If using such live data that can be retrieved online, and the service’s API has the search parameters to narrow the results, you can use the function-calling ability of models.
make some functions like get_cheapest_hotels, get_cheapest_flights, … that make the similar calls to the provider’s API. Then the AI can call those when it feels the information retrieval described would be useful.
That is quite a topic deviation from “remember our chats”.
I don’t think it works like that, run the tools manualy, without the agent to search for the cheapest, and used a predefined search parameters, the response comes back with 55 pages of flight offers, even though i used the cheapest.
the api end point, doesn’t really return the cheapest, but instead , it return all the available flights then search for the cheapest.
Thats why i was thinking of creating a function inside the tool to return the response and store it in a vector store backed retriever https://python.langchain.com/docs/modules/data_connection/retrievers/vectorstore , then use the VectorStoreRetrieverMemory from langchain . https://python.langchain.com/docs/modules/memory/types/vectorstore_retriever_memory
The idea is to make the openai agent function calling uses the tool >>> the tool will store the resonse in the vector database >>>> the memory for the agent will be the database that retrun the top k results >>>> then the llm will pass it to the user as natural language.

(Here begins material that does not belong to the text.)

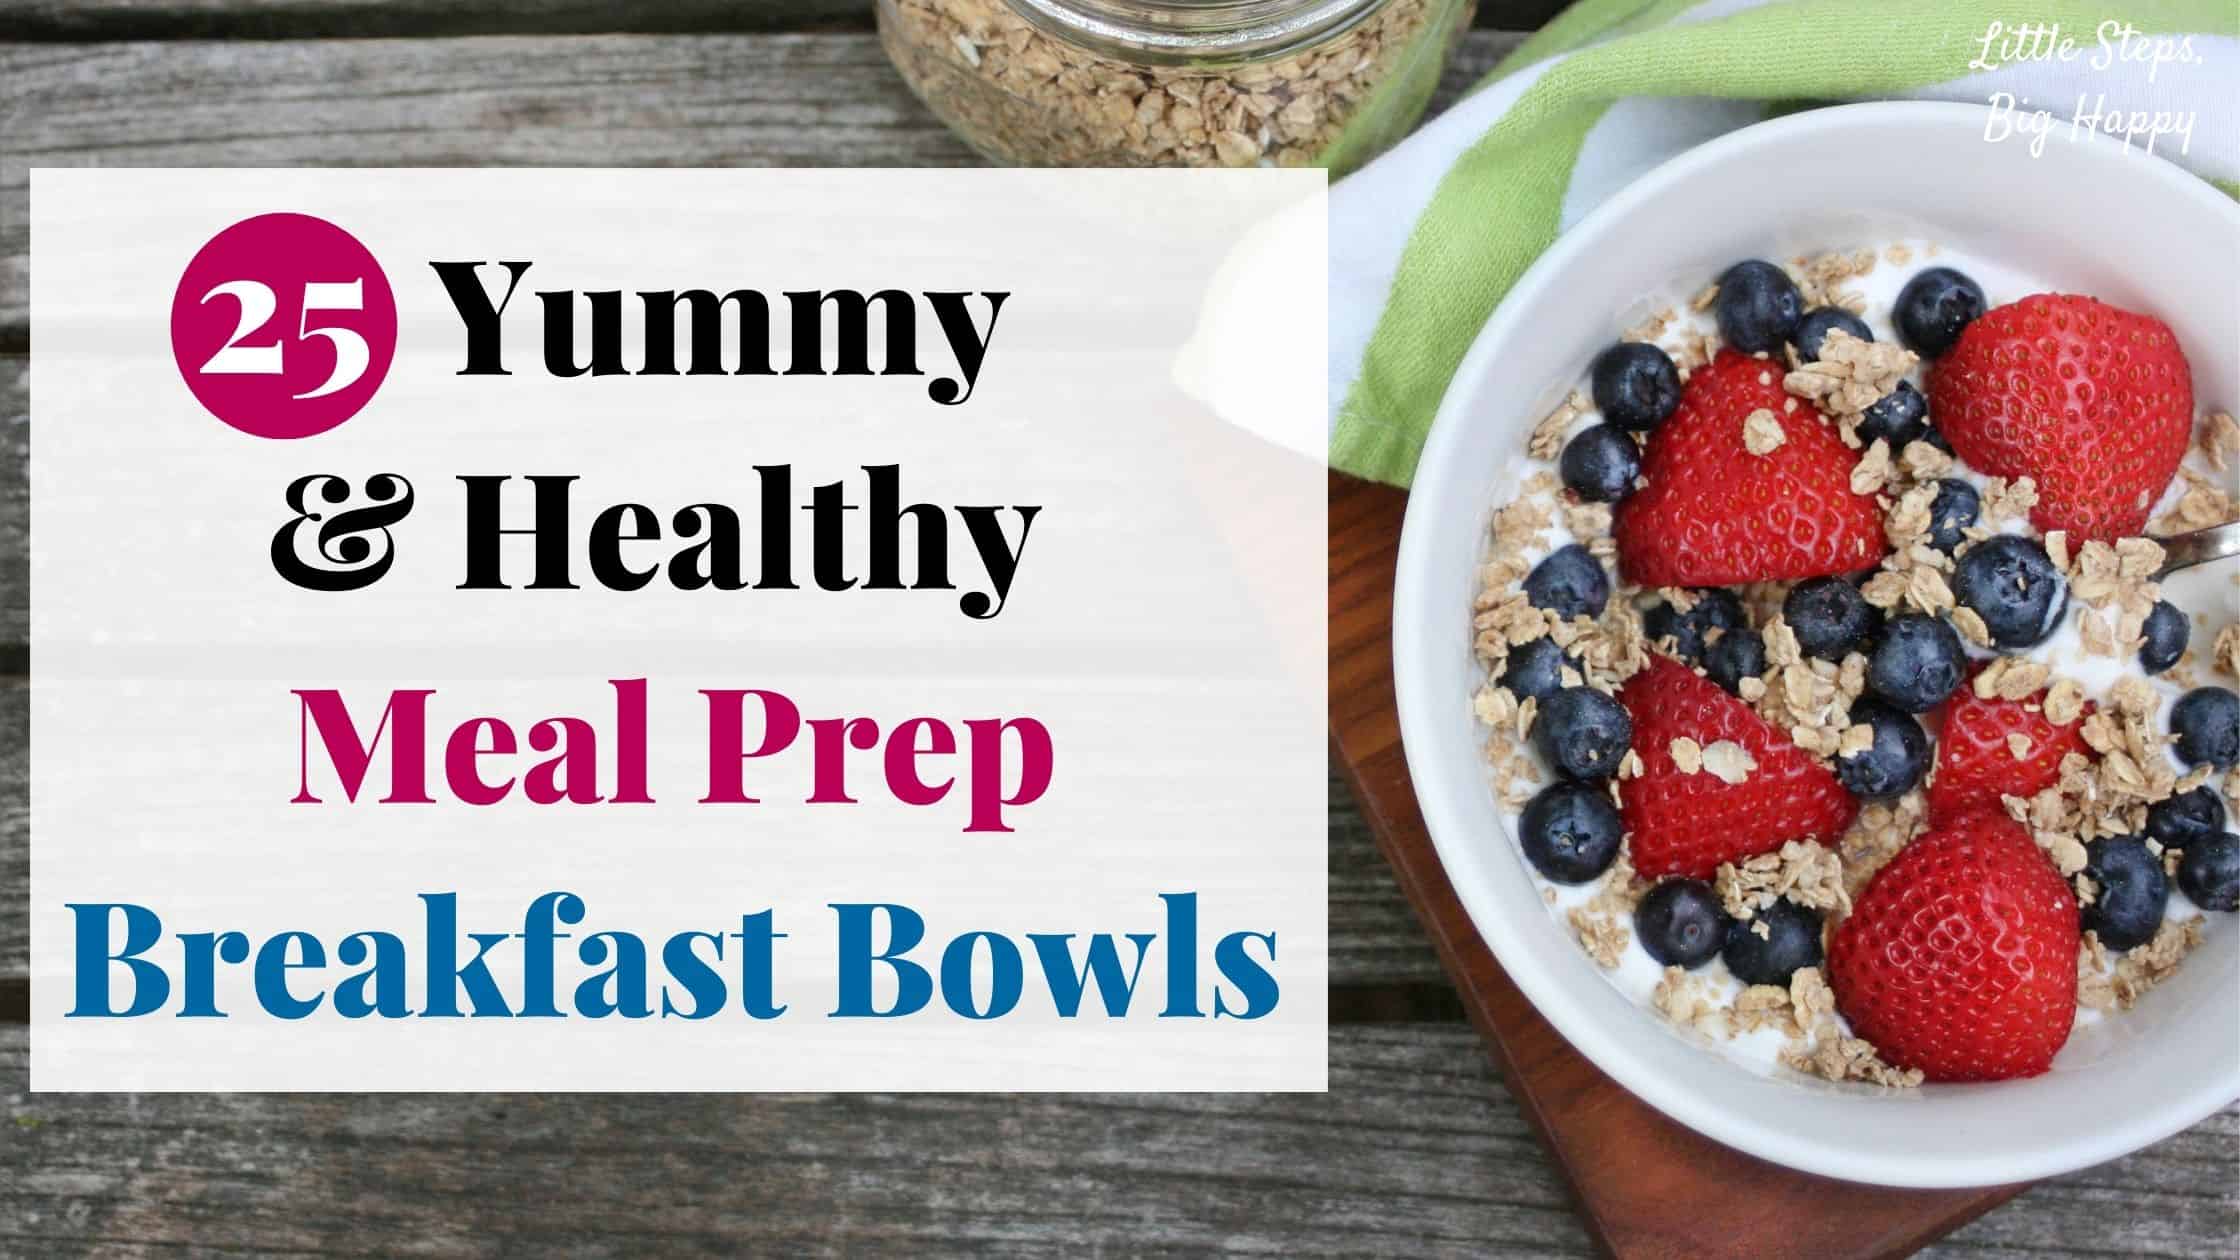 25 Yummy and Healthy meal Prep Breakfast Bowls

not sure if im missing something or the idea could be done.
You can see why online flight finder services, putting travel agents out of business for twenty years without AI, use complex web user interfaces to narrow the choices for results and selecting subsets of results.
You’d likely want to write your own database for servicing the AI requests.
Then the function for cheapest flights for the AI can have properties like [departing_city, arrival_city, search_start_date, search_end_date, …] that the AI must gather.